EPT Filename Convention

  • URLS to the EPT resource can also be witten in an alternate format:
{
  "pipeline": [
        {
          "type": "readers.ept",
          "filename": "ept://https://s3-us-west-2.amazonaws.com/usgs-lidar-public/NY_NewYorkCity",
          "bounds": "([-8242666.7146411305, -8242531.114082908], [4966542.613156153, 4966683.155298185])"
	},
      "./data/StatueLiberty.laz"
  ]
}

QGIS with Entwine

  • As of version 3.2 QGIS has the ability to visualize the 3DEP entwine resources directly. Open the Data Source Manager, select Point Cloud from the list on the left and then the Protocol selection under Source Type.
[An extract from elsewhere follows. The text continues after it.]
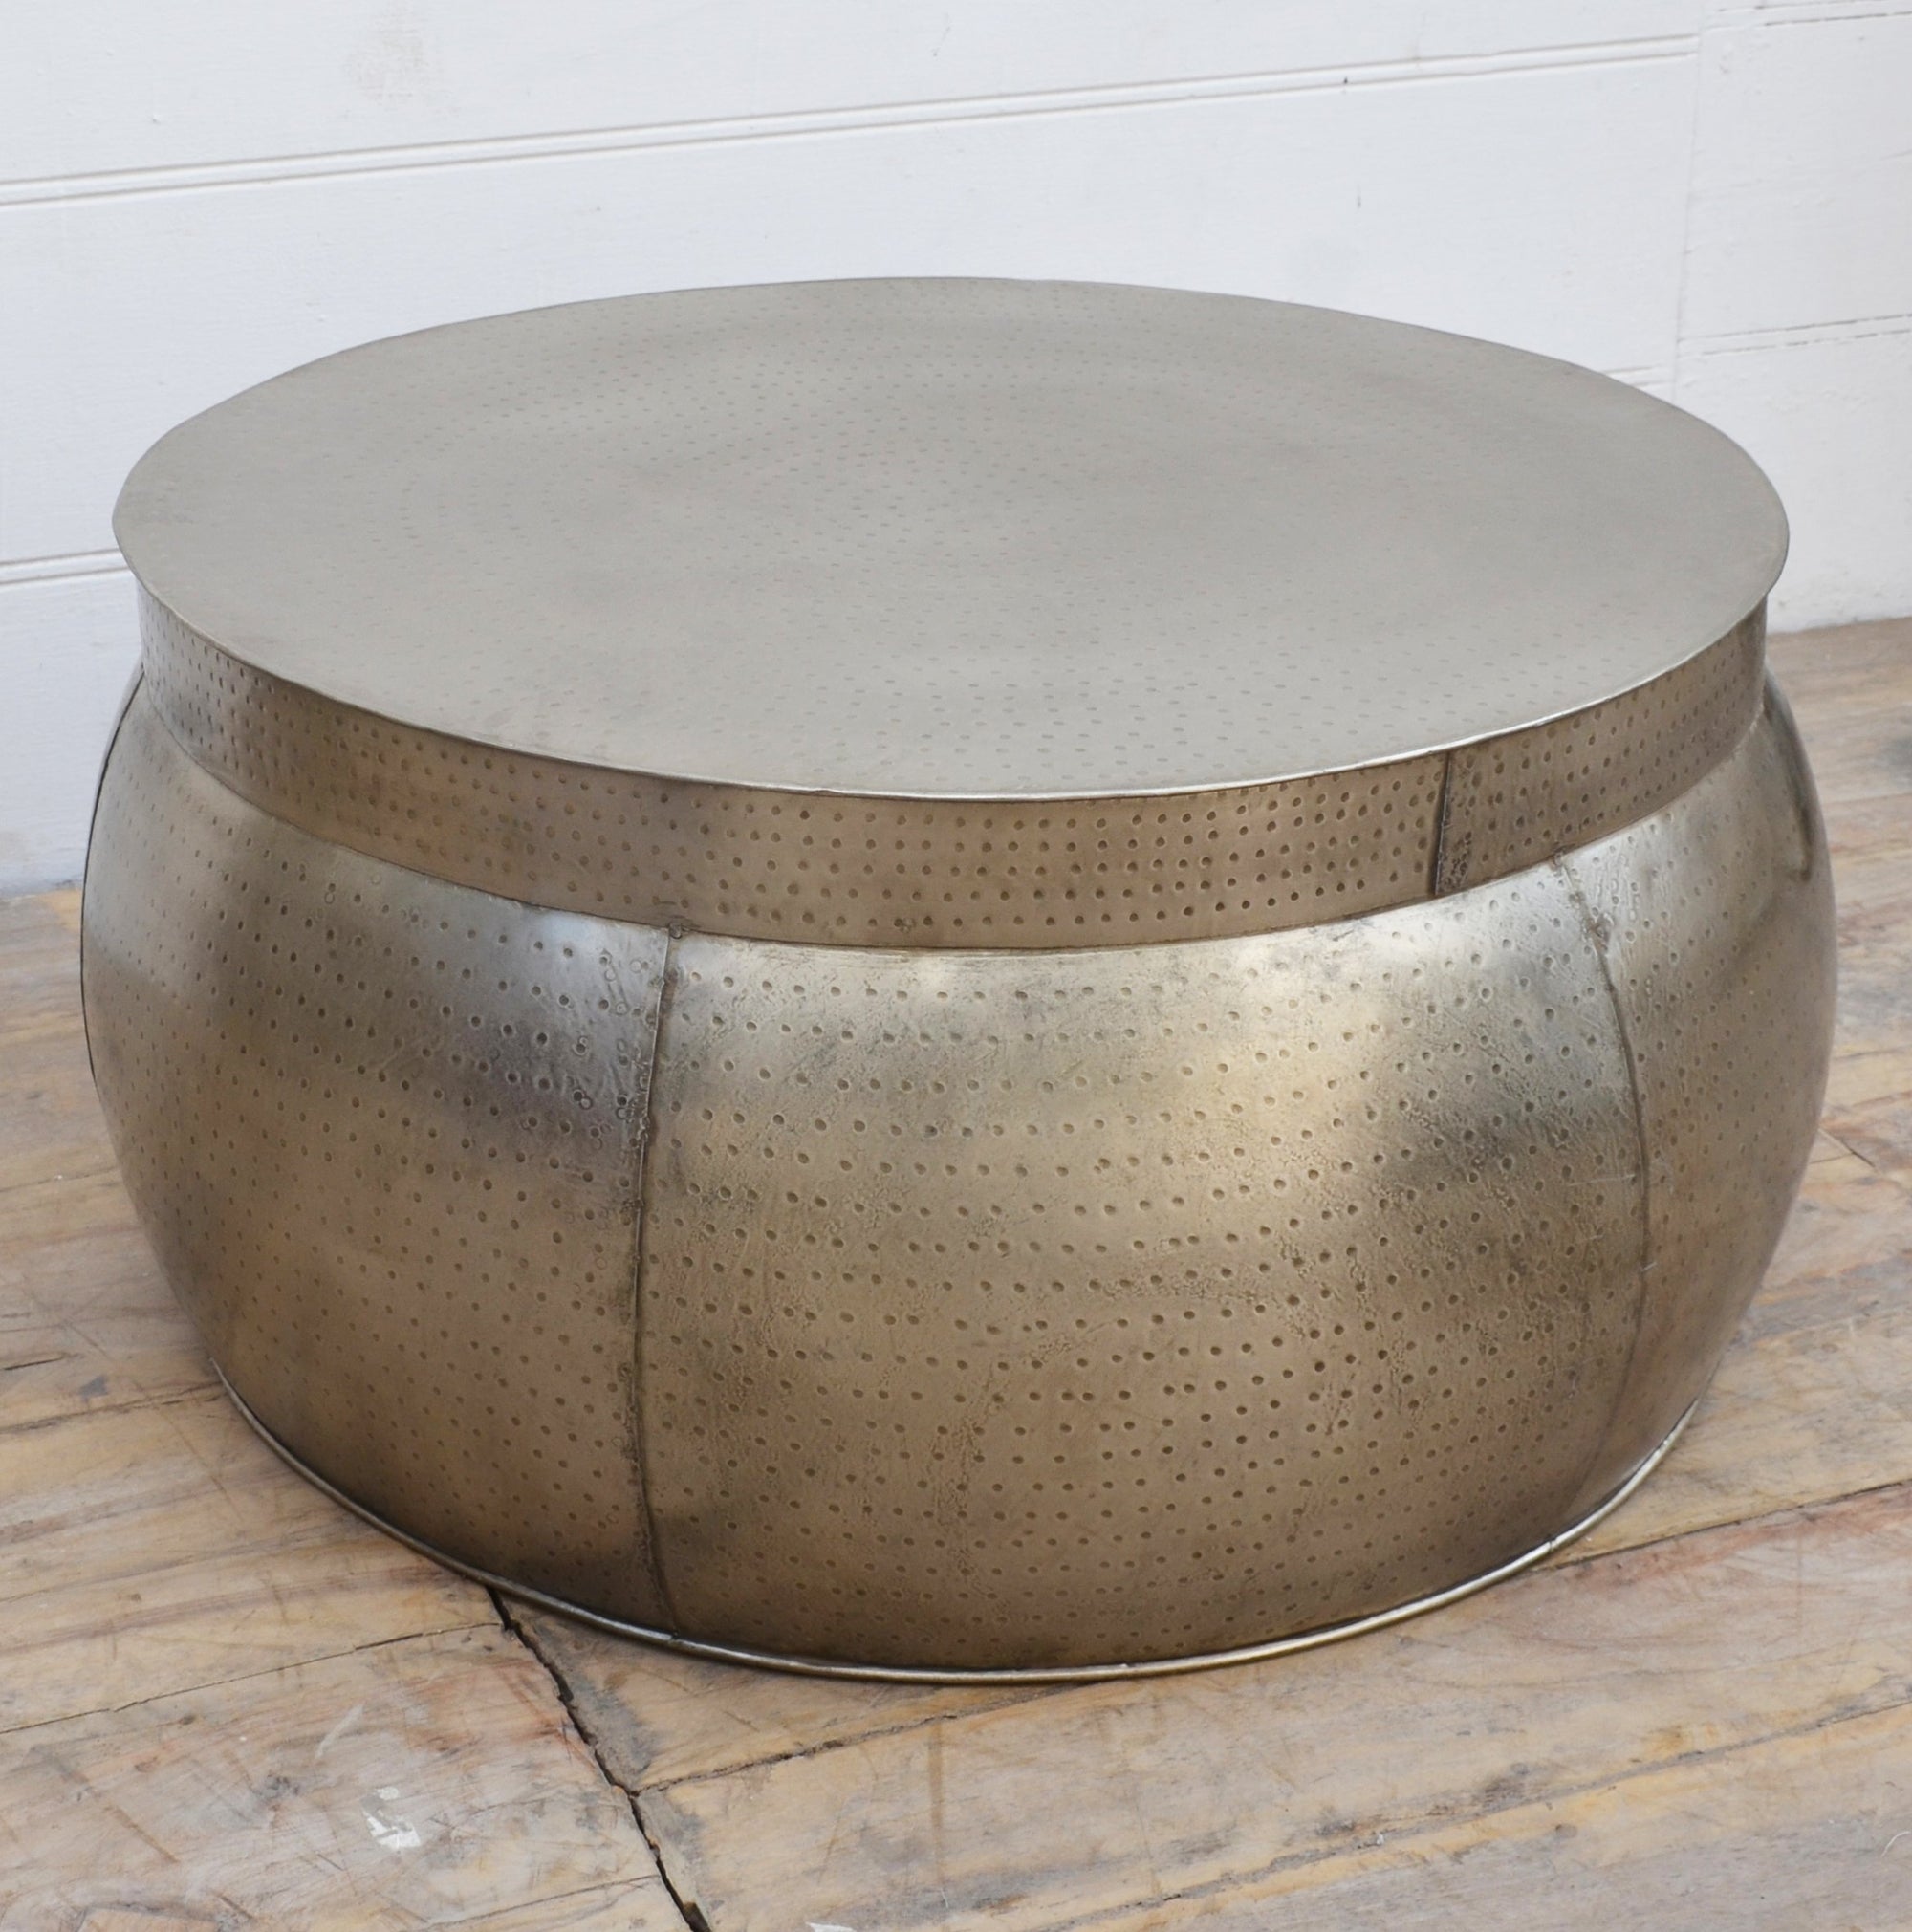 Hammered Metallic Coffee Table - decorstore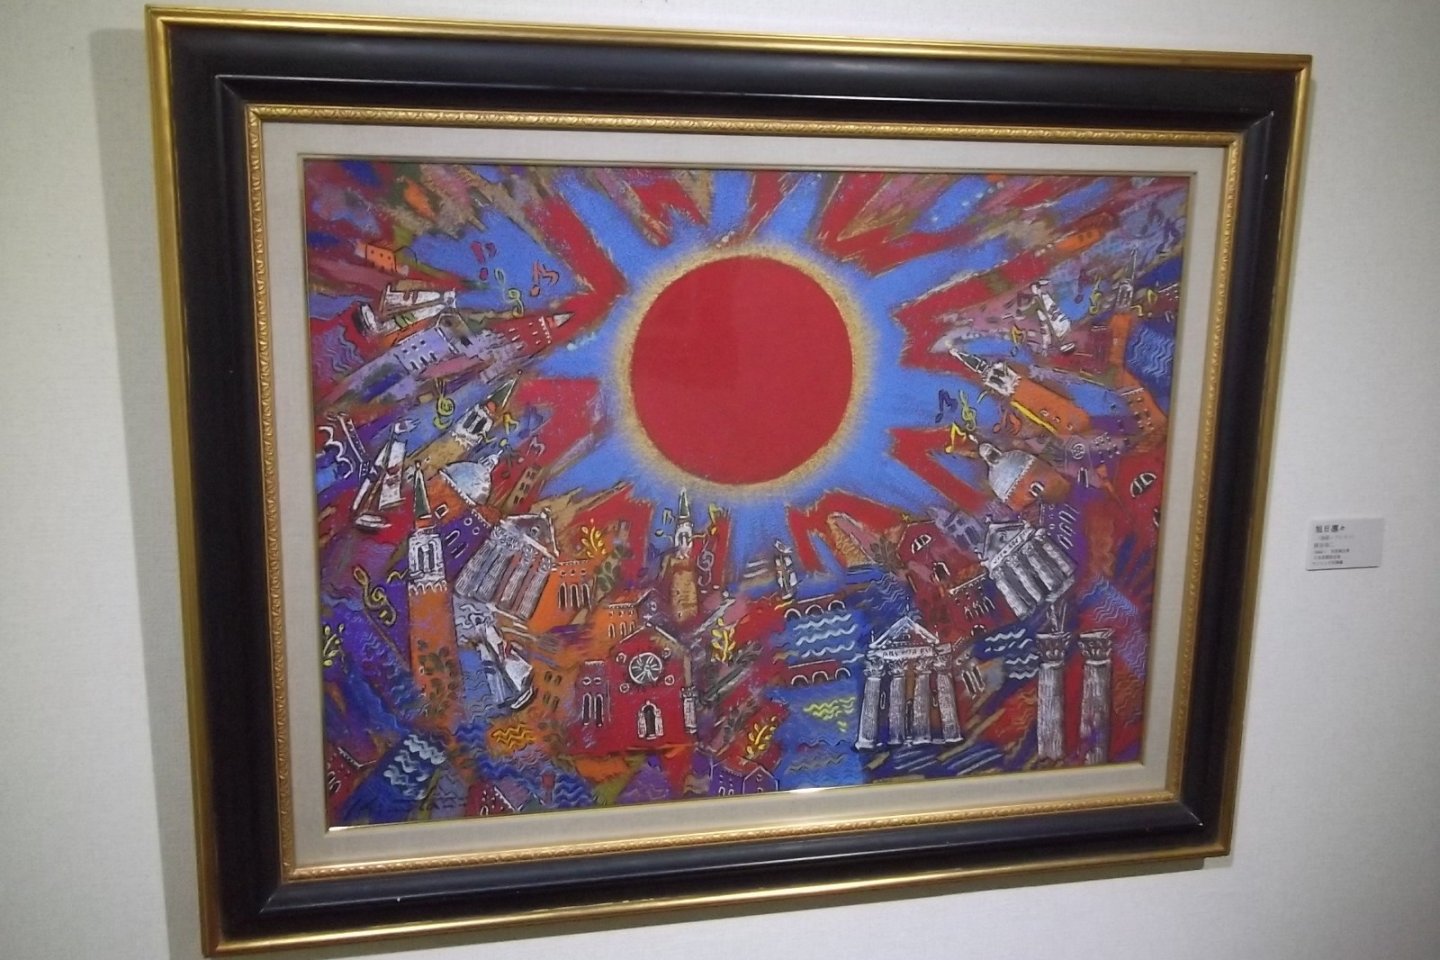 A colorful painting from the permanent collection, reproduced on the outside of the museum

Enter the address of the ept.json file as the URI under Protocol:

QGIS Entwine Viz

Integrating 3DEP

  • Based on the basic PDAL tutorials, we can apply additional processing stages to any of the datasets from the USGS 3DEP collection

The following pipeline does the following:

  • Extract data over Devil's Tower Wyoming from the AWS enwtine bucket
  • Reproject the data from the default Web Mercator to UTM Zone 13N
  • Filter the data to just use ground-classified points
  • Write out a ground-classified LAZ file
  • Additionally write out a 2m DTM.
from ./pipelines/DevilsTower.json

{
  "pipeline": [
      {
          "type": "readers.ept",
          "filename": "https://s3-us-west-2.amazonaws.com/usgs-lidar-public/WY_FEMA_East_B3_2019/ept.json",
          "bounds": "([-11657141., -11656509.],[5556970.,5557606. ])"
      },
      {
          "type":"filters.reprojection",
          "in_srs":"EPSG:3857+5703",
          "out_srs":"EPSG:32613+5703"
      },
      {
          "type": "filters.range",
          "limits": "Classification[2:2]"
      },
      {
          "type" : "writers.las",
          "filename": "./data/DevilsTower_Ground.laz",
          "compression": "laszip",
          "a_srs": "EPSG:32613+5703"
      },
      {
          "filename":"./data/DevilsTower_Ground.tif",
          "gdaldriver":"GTiff",
          "output_type":"min",
          "resolution":"2.0",
          "type": "writers.gdal"
      }	      
  ]
}
  • Loading the data into QGIS, here is the point cloud colored by elevation overlaid on a hillshade visualization of the DTM: Devils Tower

Exercises

  • Try to download data directly from the AWS entwine bucket for an area of your choice. Experiment with building your own pipelines.
  • To get more familiar with the PDAL Python API and more advanced workflows, work through the OpenTopography notebook: 01_3DEP_Generate_DEM_User_AOI.ipynb to generate a DEM from the USGS 3DEP data.